The FPC’s decision to recommend a cap of 15% of new loans for each individual lender (except those with total annual lending less than £100m – shortly to be increased to £150m, which represents only about 2% of total lending) was taken in 2014 when banks and the mortgage market in particular were still recovering from the Global Financial Crisis. It was designed to mitigate perceived macro prudential risks at that time but now more than 10 years later, with banks subject to other strict stress tests, this 15% rule is well past its sell-by date.

Following recent FCA guidance lenders have relaxed the stress test applied to borrowers, resulting in a higher maximum loan being available, based on affordability.

The obvious consequence of regulators relaxing the interest rate stress test is that a higher proportion of borrowers qualify for a loan in excess of 4.5x income. Lenders therefore now have an even bigger problem than before in deciding which of their potential credit worthy customers they should decline, or offer less to, to avoid breaching the 15% limit.

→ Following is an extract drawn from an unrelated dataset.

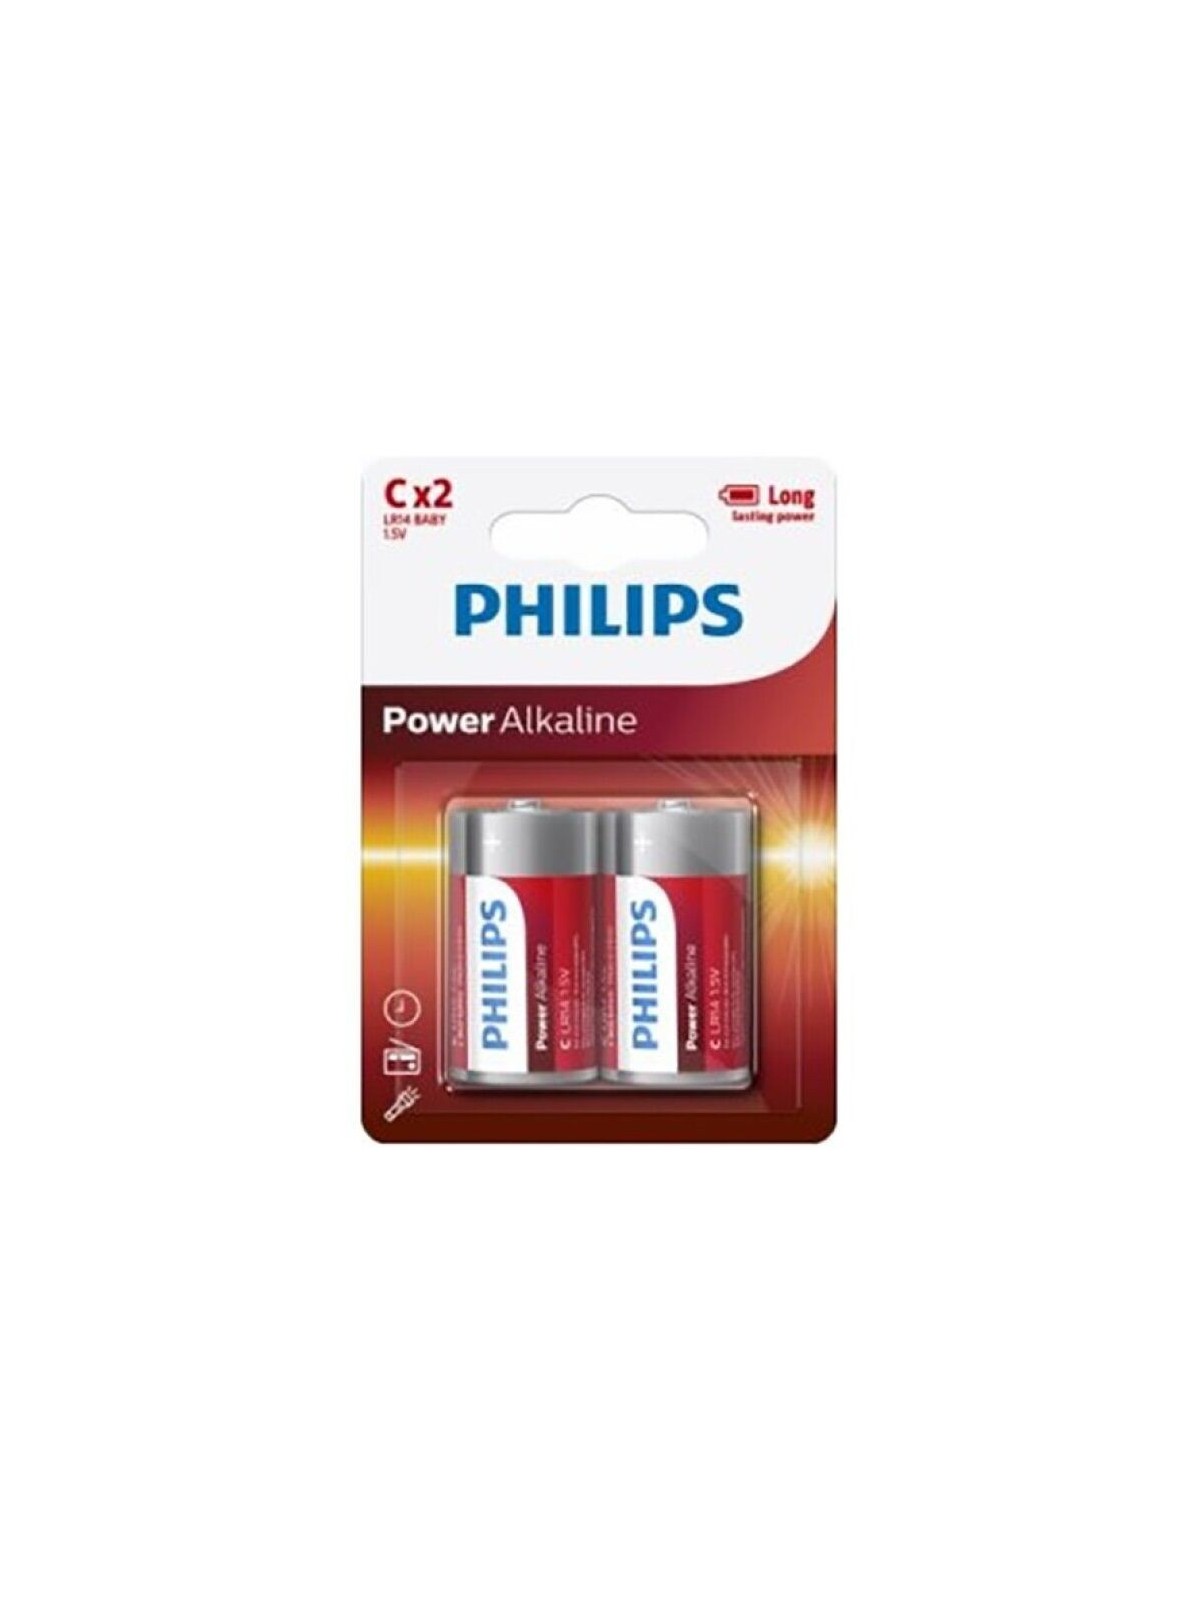 Philips Power Alkaline Pila C LR14 Blíster*2 - Comprar Pilas y baterías Phillips - Pilas & baterías (1)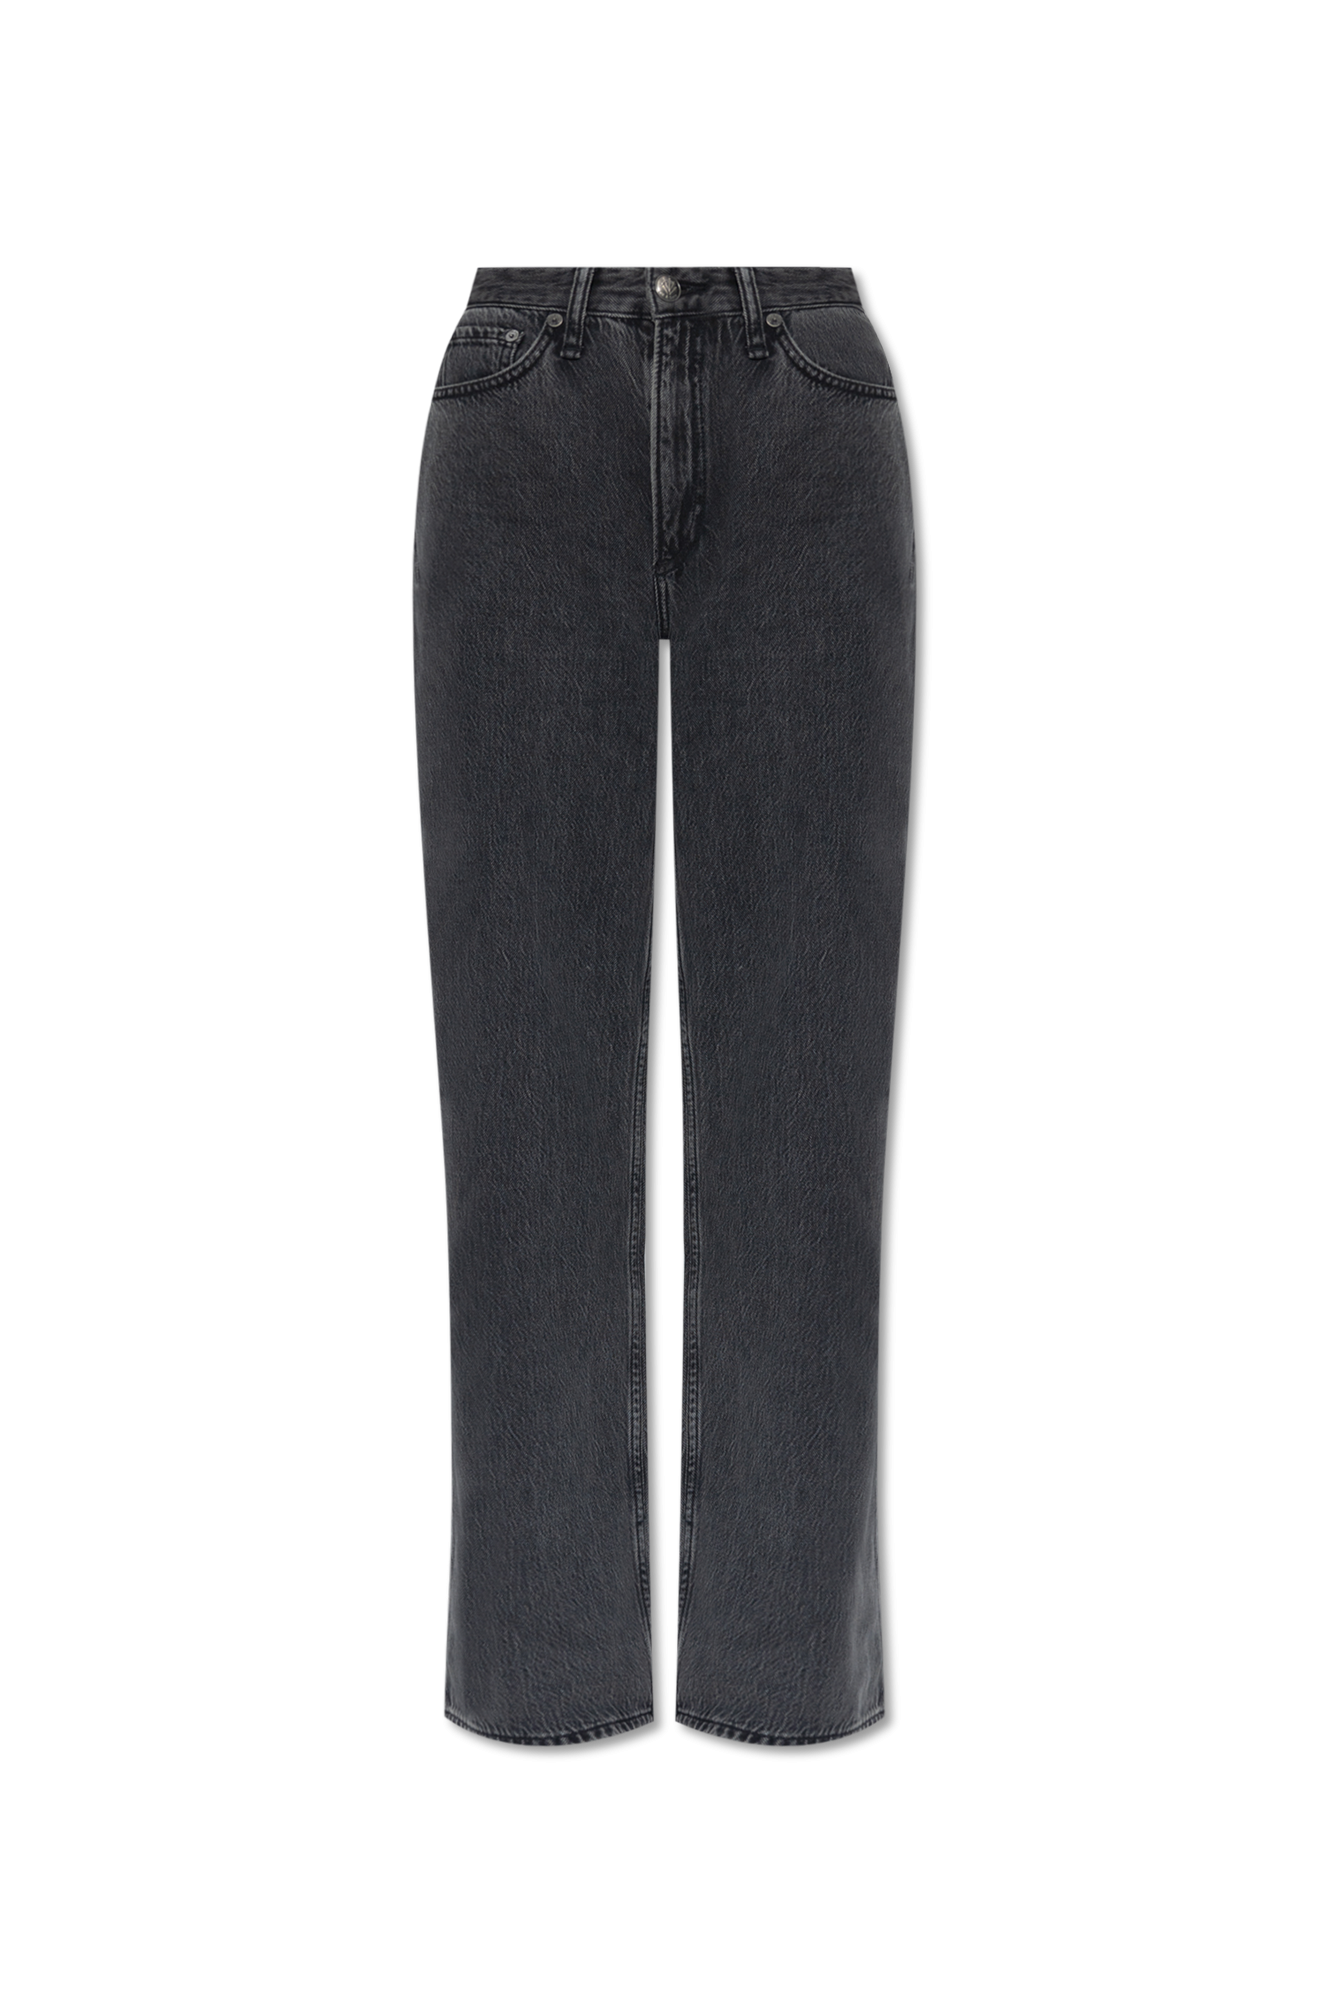 Rose Grain de Malice Jeans courts - Black 'Logan' wide leg jeans

The Government claims it wants to help FTBs, but although the 15% rule in theory applies equally to FTBs and movers it is based on the number of loans, not the total value of loans. Therefore lenders have a commercial incentive, in pure financial terms, to use their 15% limit for larger loans, which are less likely to be for FTBs, in order to meet their lending targets.

Despite this some lenders will choose to prioritise FTBs for part of their 15% allowance but the FPC should question whether a policy which discriminates against FTBs is still appropriate.